▶ **Records for the task**:
□ □ □

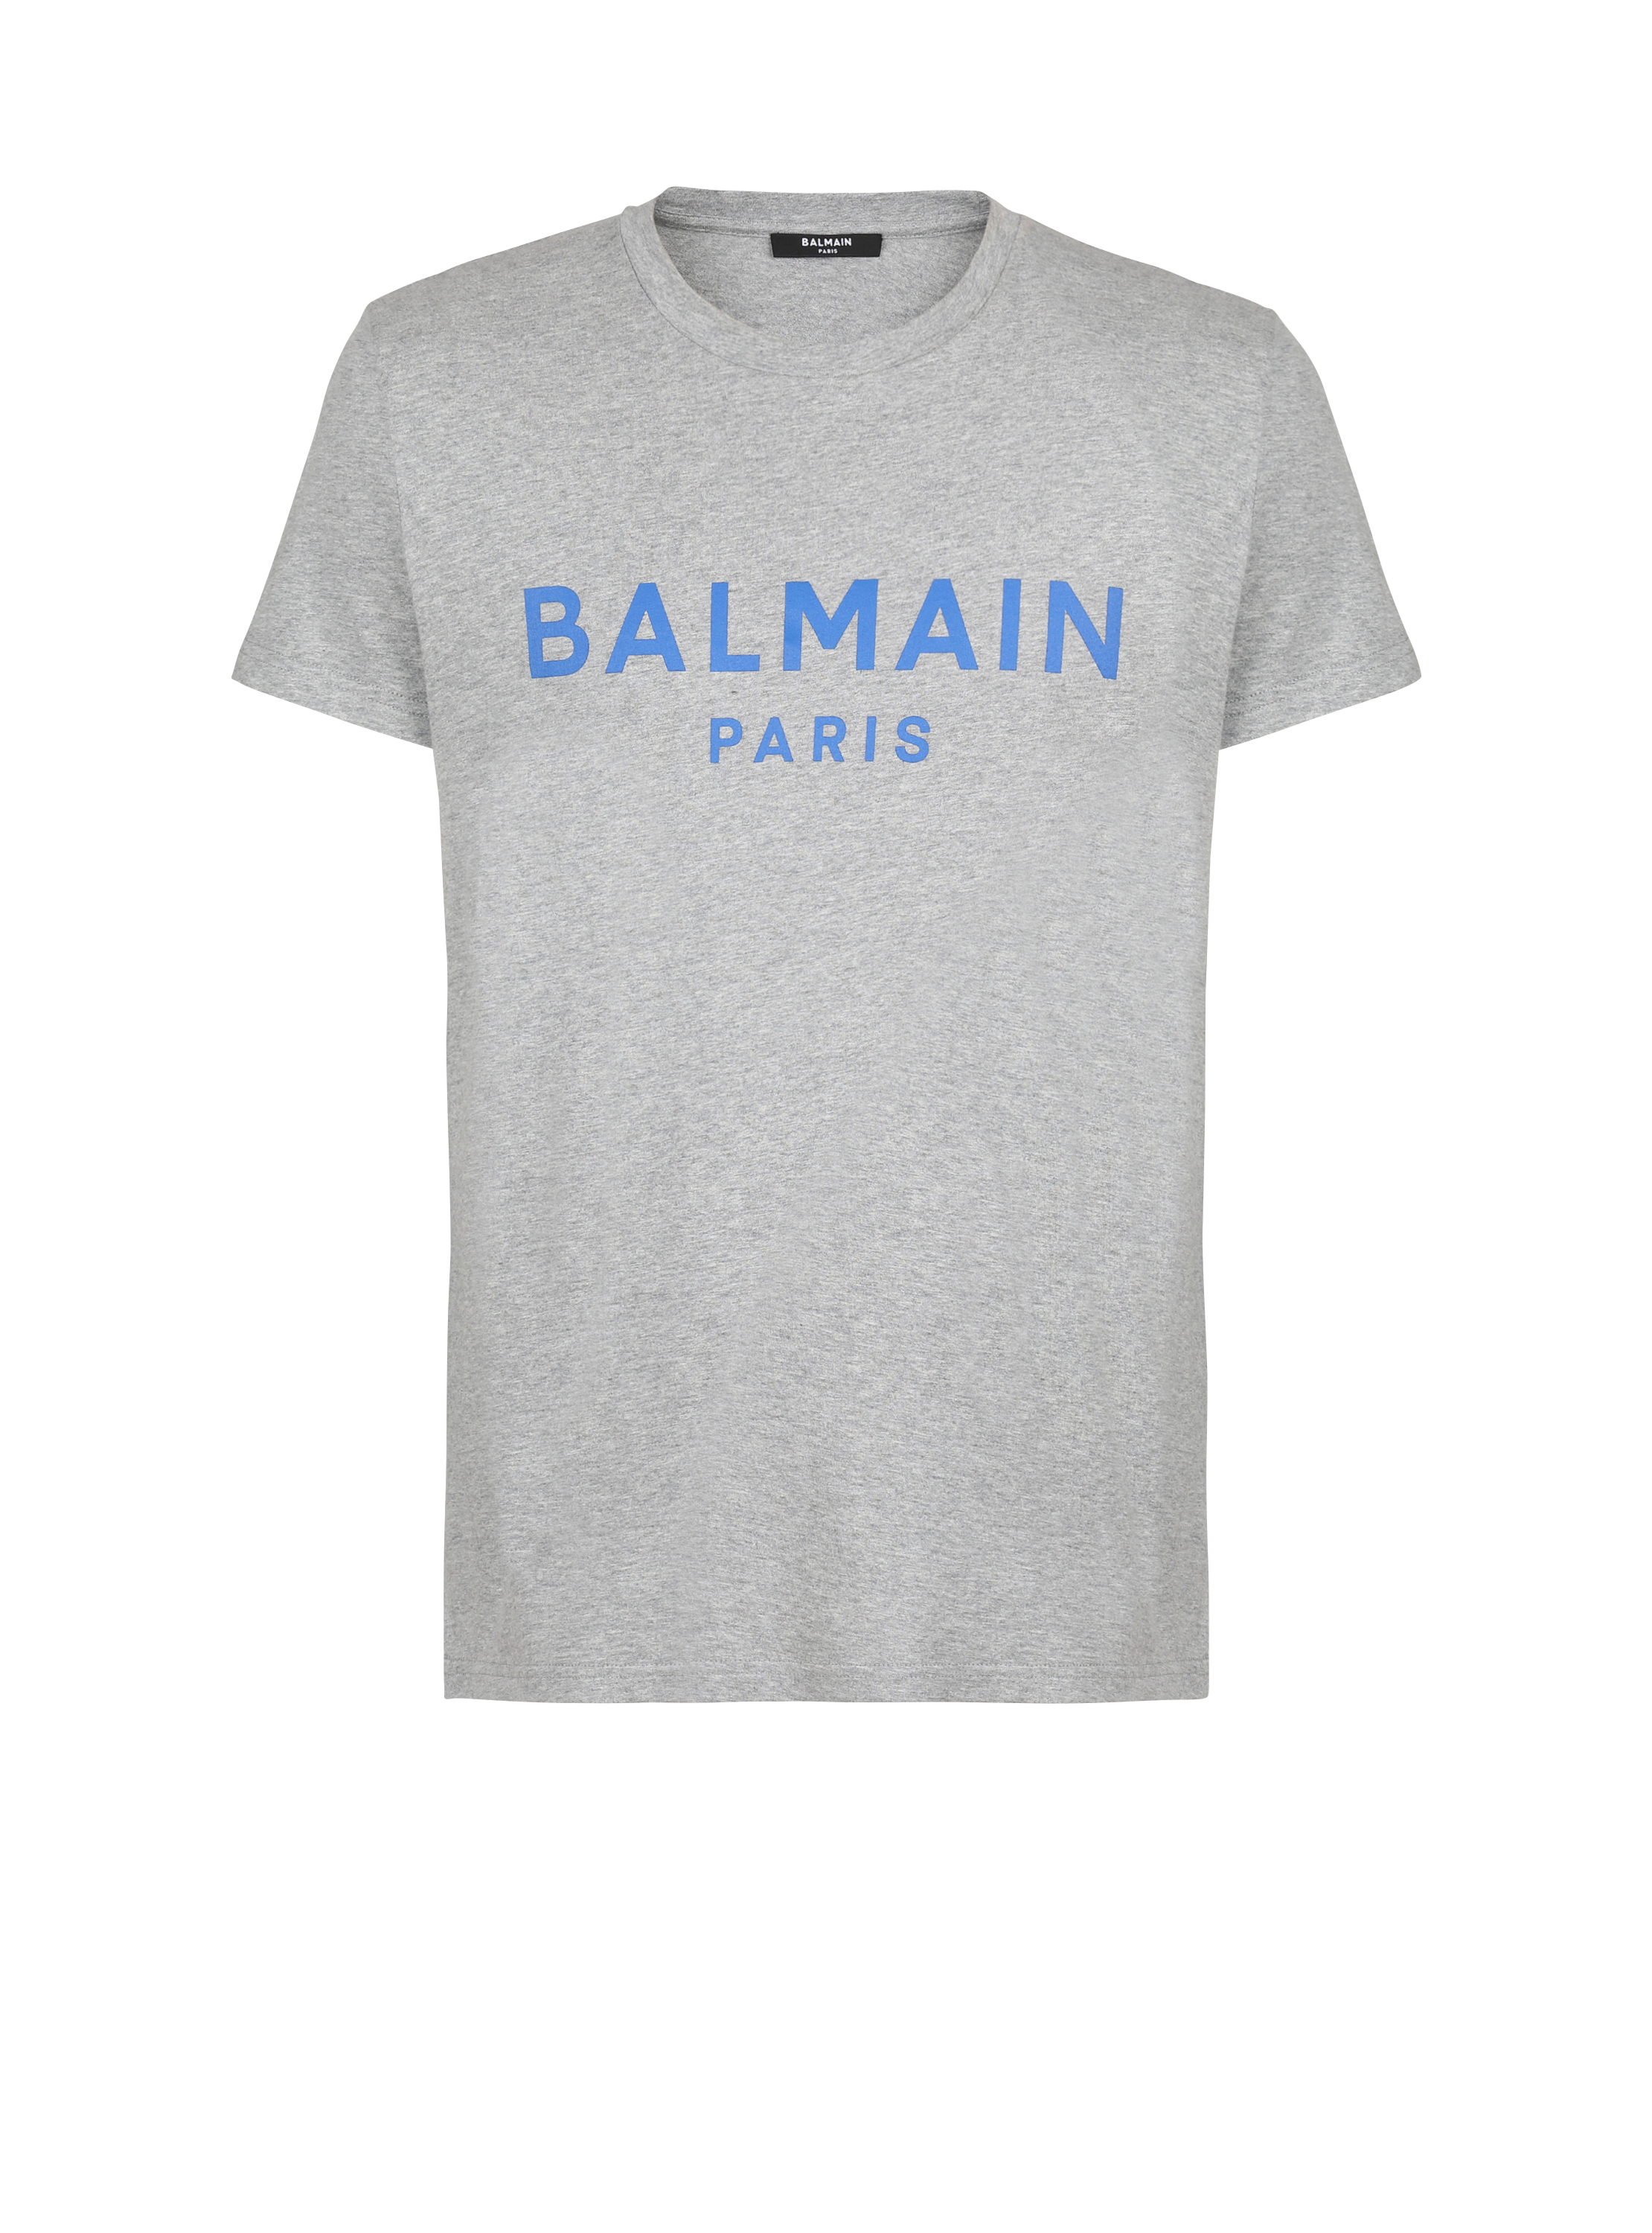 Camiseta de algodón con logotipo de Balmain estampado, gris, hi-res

□ □ □

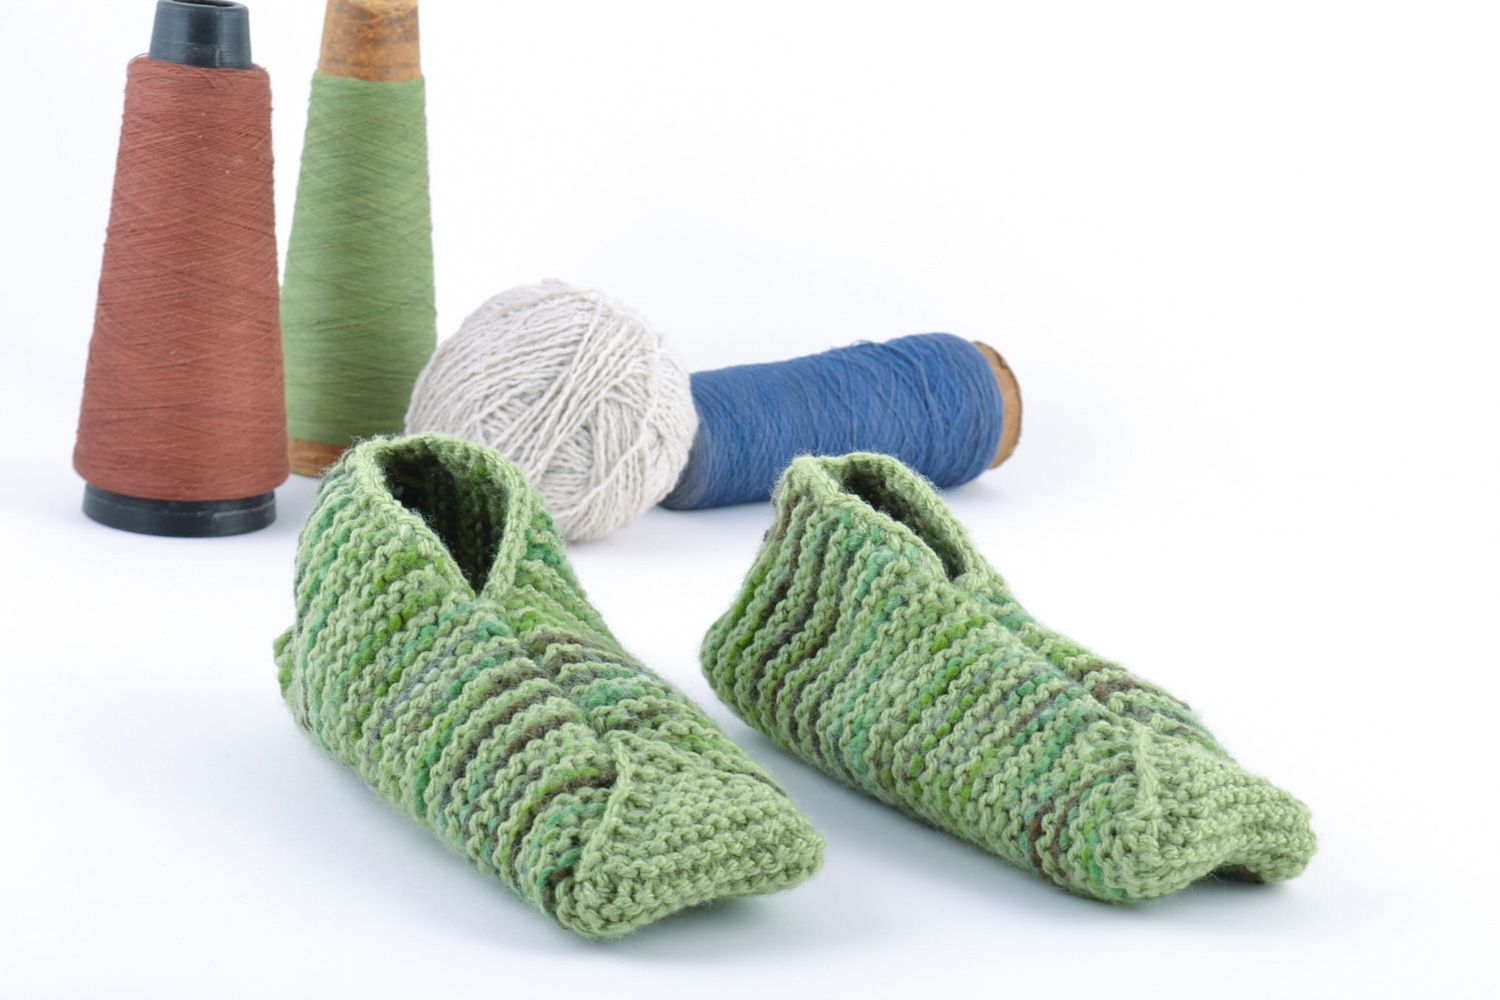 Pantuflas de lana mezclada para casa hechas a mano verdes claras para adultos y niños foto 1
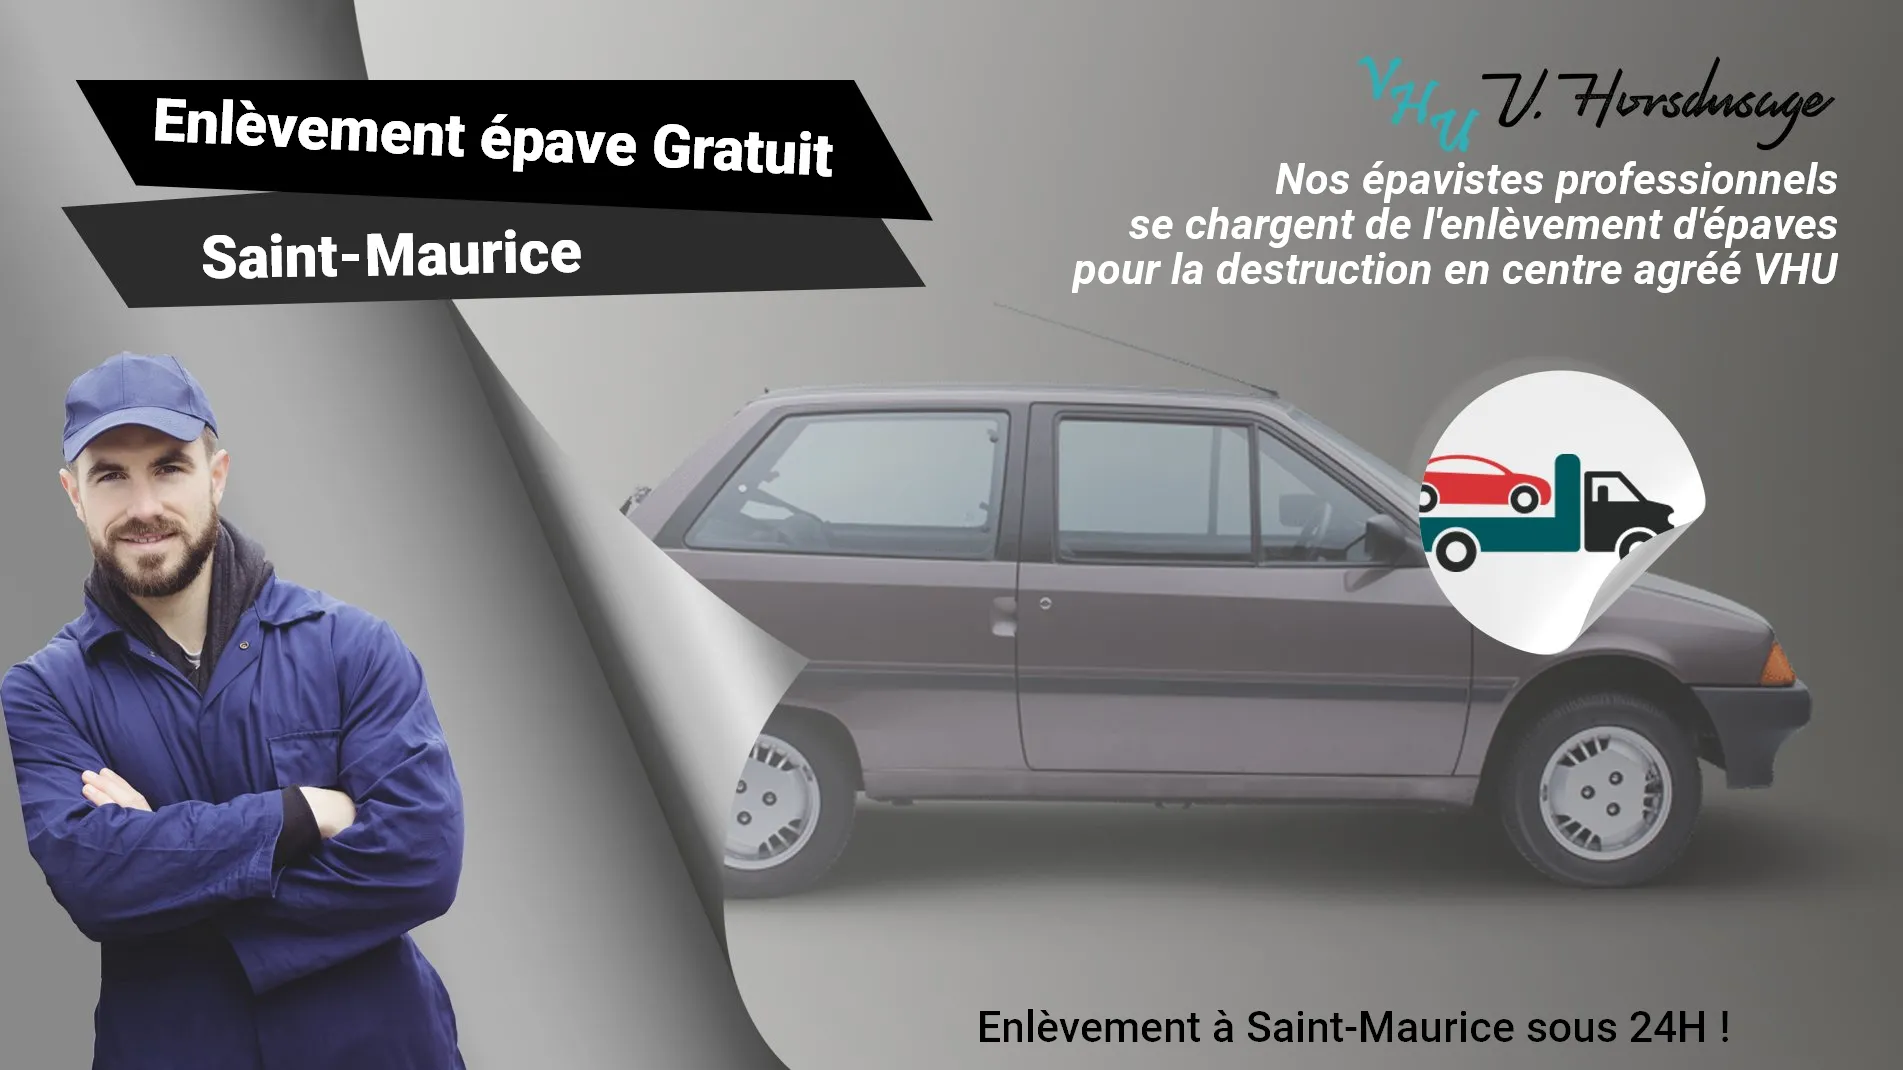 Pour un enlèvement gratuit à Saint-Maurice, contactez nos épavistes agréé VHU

□ □ □

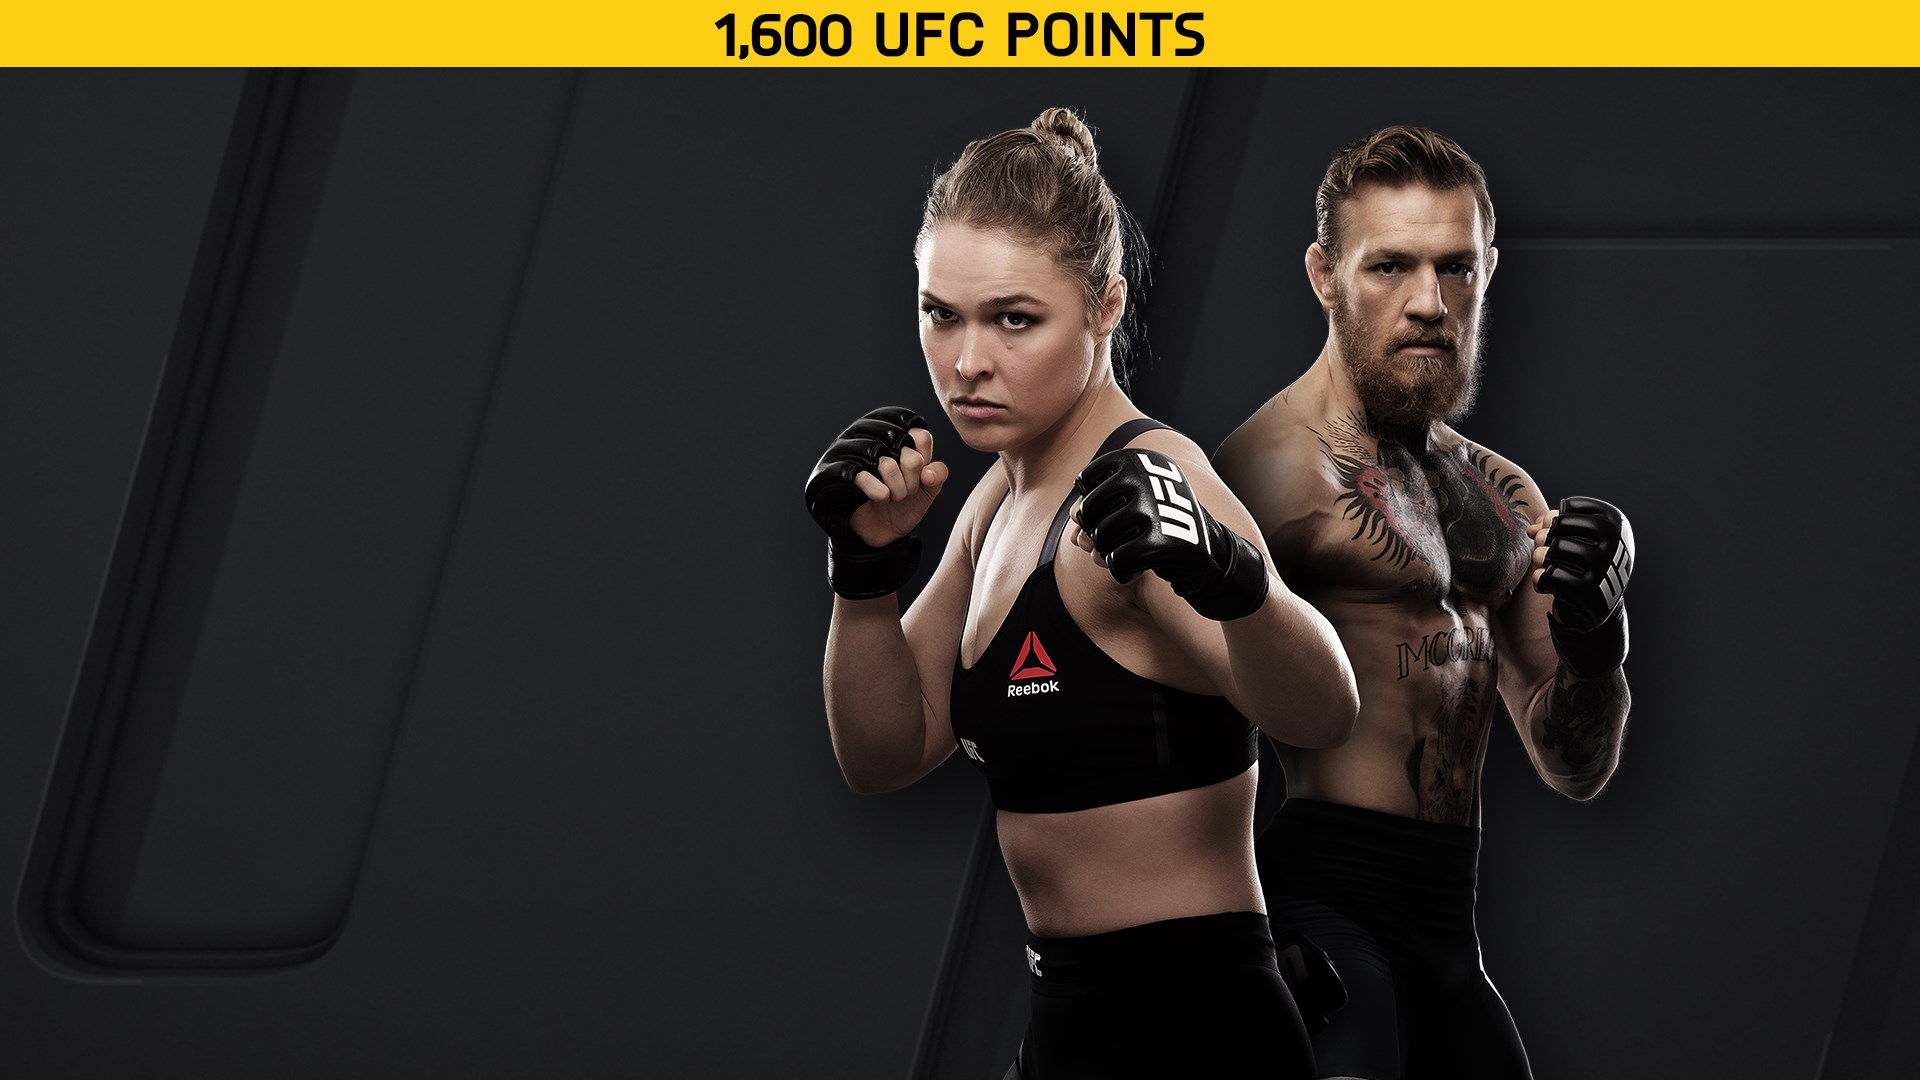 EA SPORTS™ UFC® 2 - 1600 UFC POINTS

□ □ □

▶ **Exercise goal**: Everything between and including the line above containing "Pantuflas de lana" and the line containing "Pour un enlèvement" should be reproduced exactly, with pictures excluded.

▶ **Answer**:
 Pantuflas de lana mezclada para casa hechas a mano verdes claras para adultos y niños foto 1
 Pour un enlèvement gratuit à Saint-Maurice, contactez nos épavistes agréé VHU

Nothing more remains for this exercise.